__What to do__: Line by line, output the material without altering anything.

-=-=-

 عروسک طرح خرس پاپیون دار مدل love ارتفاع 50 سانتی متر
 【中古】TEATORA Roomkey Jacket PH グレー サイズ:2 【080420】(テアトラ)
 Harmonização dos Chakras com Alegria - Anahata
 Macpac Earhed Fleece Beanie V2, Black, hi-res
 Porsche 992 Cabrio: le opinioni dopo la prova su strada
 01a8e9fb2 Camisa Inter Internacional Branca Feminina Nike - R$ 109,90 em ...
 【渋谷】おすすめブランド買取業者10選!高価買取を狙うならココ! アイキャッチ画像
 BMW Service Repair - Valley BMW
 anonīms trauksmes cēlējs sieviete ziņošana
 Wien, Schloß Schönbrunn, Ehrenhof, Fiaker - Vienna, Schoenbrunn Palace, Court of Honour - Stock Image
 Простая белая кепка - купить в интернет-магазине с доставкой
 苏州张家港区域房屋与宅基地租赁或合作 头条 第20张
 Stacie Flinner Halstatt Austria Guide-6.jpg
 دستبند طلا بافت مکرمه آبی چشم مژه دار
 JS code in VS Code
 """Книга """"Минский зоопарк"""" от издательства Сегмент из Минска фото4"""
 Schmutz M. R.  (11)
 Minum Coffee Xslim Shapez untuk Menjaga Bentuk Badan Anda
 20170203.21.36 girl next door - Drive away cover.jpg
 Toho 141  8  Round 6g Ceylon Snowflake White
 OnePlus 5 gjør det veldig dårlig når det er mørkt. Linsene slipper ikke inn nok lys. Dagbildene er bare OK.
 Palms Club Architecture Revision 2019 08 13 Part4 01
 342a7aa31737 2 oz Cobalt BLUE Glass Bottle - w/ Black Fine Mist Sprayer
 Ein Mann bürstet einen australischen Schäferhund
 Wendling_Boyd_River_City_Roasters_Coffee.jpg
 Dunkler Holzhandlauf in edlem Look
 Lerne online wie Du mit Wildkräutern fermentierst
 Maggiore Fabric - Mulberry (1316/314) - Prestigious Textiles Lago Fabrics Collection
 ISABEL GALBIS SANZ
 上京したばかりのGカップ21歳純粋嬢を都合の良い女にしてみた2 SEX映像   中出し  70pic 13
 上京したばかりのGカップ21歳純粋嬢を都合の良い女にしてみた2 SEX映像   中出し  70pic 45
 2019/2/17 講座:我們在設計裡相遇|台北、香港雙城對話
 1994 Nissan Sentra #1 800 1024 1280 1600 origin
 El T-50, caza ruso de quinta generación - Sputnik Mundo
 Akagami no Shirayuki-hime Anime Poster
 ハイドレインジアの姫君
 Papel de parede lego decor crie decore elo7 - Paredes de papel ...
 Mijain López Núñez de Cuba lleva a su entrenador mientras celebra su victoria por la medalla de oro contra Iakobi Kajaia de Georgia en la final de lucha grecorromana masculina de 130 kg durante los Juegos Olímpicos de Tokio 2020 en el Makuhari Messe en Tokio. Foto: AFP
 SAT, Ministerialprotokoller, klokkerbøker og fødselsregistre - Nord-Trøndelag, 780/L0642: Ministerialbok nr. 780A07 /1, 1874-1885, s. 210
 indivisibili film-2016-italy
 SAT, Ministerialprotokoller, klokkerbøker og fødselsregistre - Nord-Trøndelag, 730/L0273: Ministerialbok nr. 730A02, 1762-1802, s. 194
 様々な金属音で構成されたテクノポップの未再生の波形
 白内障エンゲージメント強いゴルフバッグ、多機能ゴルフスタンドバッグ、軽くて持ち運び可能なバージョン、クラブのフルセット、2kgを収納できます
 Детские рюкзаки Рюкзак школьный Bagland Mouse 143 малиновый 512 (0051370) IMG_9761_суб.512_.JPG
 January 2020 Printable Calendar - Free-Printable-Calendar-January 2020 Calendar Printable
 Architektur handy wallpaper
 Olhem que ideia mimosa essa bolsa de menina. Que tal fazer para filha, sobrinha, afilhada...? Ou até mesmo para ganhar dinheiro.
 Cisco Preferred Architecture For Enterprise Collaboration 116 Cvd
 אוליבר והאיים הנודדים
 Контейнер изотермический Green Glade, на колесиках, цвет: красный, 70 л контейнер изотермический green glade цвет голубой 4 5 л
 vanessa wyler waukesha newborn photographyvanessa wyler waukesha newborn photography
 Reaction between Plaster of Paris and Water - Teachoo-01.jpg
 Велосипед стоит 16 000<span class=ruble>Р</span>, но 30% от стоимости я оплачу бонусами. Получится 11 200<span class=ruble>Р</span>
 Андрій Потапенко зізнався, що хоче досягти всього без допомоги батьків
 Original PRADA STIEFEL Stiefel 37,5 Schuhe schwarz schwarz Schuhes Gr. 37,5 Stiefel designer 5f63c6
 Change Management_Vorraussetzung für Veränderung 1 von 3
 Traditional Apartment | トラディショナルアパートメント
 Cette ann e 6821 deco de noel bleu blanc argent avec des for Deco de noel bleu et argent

-=-=-

__Answer__:
 عروسک طرح خرس پاپیون دار مدل love ارتفاع 50 سانتی متر
 【中古】TEATORA Roomkey Jacket PH グレー サイズ:2 【080420】(テアトラ)
 Harmonização dos Chakras com Alegria - Anahata
 Macpac Earhed Fleece Beanie V2, Black, hi-res
 Porsche 992 Cabrio: le opinioni dopo la prova su strada
 01a8e9fb2 Camisa Inter Internacional Branca Feminina Nike - R$ 109,90 em ...
 【渋谷】おすすめブランド買取業者10選!高価買取を狙うならココ! アイキャッチ画像
 BMW Service Repair - Valley BMW
 anonīms trauksmes cēlējs sieviete ziņošana
 Wien, Schloß Schönbrunn, Ehrenhof, Fiaker - Vienna, Schoenbrunn Palace, Court of Honour - Stock Image
 Простая белая кепка - купить в интернет-магазине с доставкой
 苏州张家港区域房屋与宅基地租赁或合作 头条 第20张
 Stacie Flinner Halstatt Austria Guide-6.jpg
 دستبند طلا بافت مکرمه آبی چشم مژه دار
 JS code in VS Code
 """Книга """"Минский зоопарк"""" от издательства Сегмент из Минска фото4"""
 Schmutz M. R.  (11)
 Minum Coffee Xslim Shapez untuk Menjaga Bentuk Badan Anda
 20170203.21.36 girl next door - Drive away cover.jpg
 Toho 141  8  Round 6g Ceylon Snowflake White
 OnePlus 5 gjør det veldig dårlig når det er mørkt. Linsene slipper ikke inn nok lys. Dagbildene er bare OK.
 Palms Club Architecture Revision 2019 08 13 Part4 01
 342a7aa31737 2 oz Cobalt BLUE Glass Bottle - w/ Black Fine Mist Sprayer
 Ein Mann bürstet einen australischen Schäferhund
 Wendling_Boyd_River_City_Roasters_Coffee.jpg
 Dunkler Holzhandlauf in edlem Look
 Lerne online wie Du mit Wildkräutern fermentierst
 Maggiore Fabric - Mulberry (1316/314) - Prestigious Textiles Lago Fabrics Collection
 ISABEL GALBIS SANZ
 上京したばかりのGカップ21歳純粋嬢を都合の良い女にしてみた2 SEX映像   中出し  70pic 13
 上京したばかりのGカップ21歳純粋嬢を都合の良い女にしてみた2 SEX映像   中出し  70pic 45
 2019/2/17 講座:我們在設計裡相遇|台北、香港雙城對話
 1994 Nissan Sentra #1 800 1024 1280 1600 origin
 El T-50, caza ruso de quinta generación - Sputnik Mundo
 Akagami no Shirayuki-hime Anime Poster
 ハイドレインジアの姫君
 Papel de parede lego decor crie decore elo7 - Paredes de papel ...
 Mijain López Núñez de Cuba lleva a su entrenador mientras celebra su victoria por la medalla de oro contra Iakobi Kajaia de Georgia en la final de lucha grecorromana masculina de 130 kg durante los Juegos Olímpicos de Tokio 2020 en el Makuhari Messe en Tokio. Foto: AFP
 SAT, Ministerialprotokoller, klokkerbøker og fødselsregistre - Nord-Trøndelag, 780/L0642: Ministerialbok nr. 780A07 /1, 1874-1885, s. 210
 indivisibili film-2016-italy
 SAT, Ministerialprotokoller, klokkerbøker og fødselsregistre - Nord-Trøndelag, 730/L0273: Ministerialbok nr. 730A02, 1762-1802, s. 194
 様々な金属音で構成されたテクノポップの未再生の波形
 白内障エンゲージメント強いゴルフバッグ、多機能ゴルフスタンドバッグ、軽くて持ち運び可能なバージョン、クラブのフルセット、2kgを収納できます
 Детские рюкзаки Рюкзак школьный Bagland Mouse 143 малиновый 512 (0051370) IMG_9761_суб.512_.JPG
 January 2020 Printable Calendar - Free-Printable-Calendar-January 2020 Calendar Printable
 Architektur handy wallpaper
 Olhem que ideia mimosa essa bolsa de menina. Que tal fazer para filha, sobrinha, afilhada...? Ou até mesmo para ganhar dinheiro.
 Cisco Preferred Architecture For Enterprise Collaboration 116 Cvd
 אוליבר והאיים הנודדים
 Контейнер изотермический Green Glade, на колесиках, цвет: красный, 70 л контейнер изотермический green glade цвет голубой 4 5 л
 vanessa wyler waukesha newborn photographyvanessa wyler waukesha newborn photography
 Reaction between Plaster of Paris and Water - Teachoo-01.jpg
 Велосипед стоит 16 000<span class=ruble>Р</span>, но 30% от стоимости я оплачу бонусами. Получится 11 200<span class=ruble>Р</span>
 Андрій Потапенко зізнався, що хоче досягти всього без допомоги батьків
 Original PRADA STIEFEL Stiefel 37,5 Schuhe schwarz schwarz Schuhes Gr. 37,5 Stiefel designer 5f63c6
 Change Management_Vorraussetzung für Veränderung 1 von 3
 Traditional Apartment | トラディショナルアパートメント
 Cette ann e 6821 deco de noel bleu blanc argent avec des for Deco de noel bleu et argent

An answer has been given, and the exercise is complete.